Huang Zixia stood silently behind Li Shubai, watching Empress Wang sitting there.

In twelve years, her life had changed dramatically. She had risen like smoke to the heavens, from a pipa player to Empress, each step difficult in its way. But borrowed things must eventually be returned, and after everything was overturned in a single night, who knew what fate awaited her?

Wang Lin straightened up, tears streaming down his face as he addressed the Emperor: “I… truly never imagined at the time… that this day would come! Since Your Majesty ascended the throne, I haven’t been able to sleep peacefully, and when she was appointed Empress, I could neither eat nor rest, suffering torment day and night for years, always fearing exposure… I think Her Majesty’s days… were probably no better than mine. Your Majesty, I know I deserve death ten thousand times over, but please consider that the Empress was also coerced by me, and later found herself trapped in a situation beyond her control…”

“Enough.” The Emperor slightly raised his right hand, stopping him from continuing. “If you were truly so uneasy, how could you, twelve years later, still orchestrate the same kind of substitution scheme? Did you think I could be so easily deceived?”
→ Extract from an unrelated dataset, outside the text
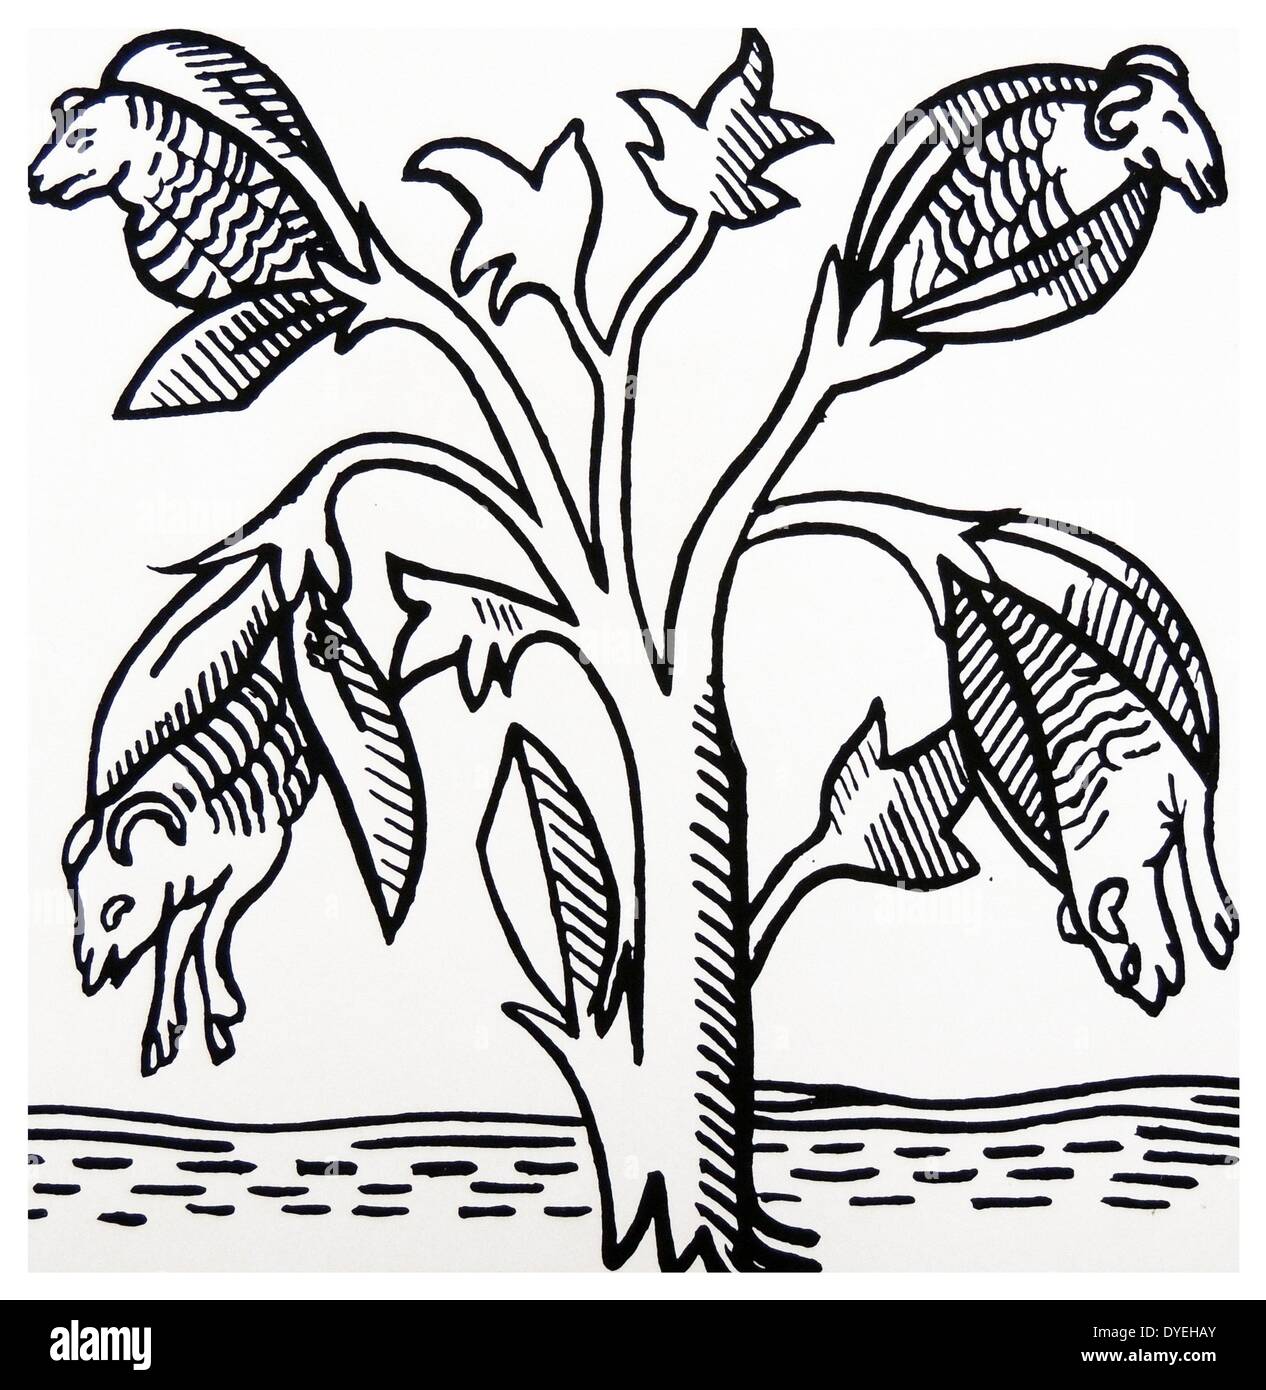 Variation of the barnacle geese legend showing lambs dropping as ripe cotton bolls from a tree.  Woodcut after ''The Voiage Travaile of Sir John Manndeville, Knt'' the story of whose legendary adventures first circulated in 1371. Stock Photo

Wang Lin immediately trembled in terror, his body drenched in cold sweat, shaking like a sieve, not daring to speak further.

The Empress, who had been coldly observing from the side, finally spoke, her voice hoarse and slow, saying softly: “In this life, meeting Your Majesty was my greatest fortune. Though these twelve years I’ve worried day and night, fearing Your Majesty would reject me upon learning the truth, even while living this borrowed life, how could I not feel fortunate?”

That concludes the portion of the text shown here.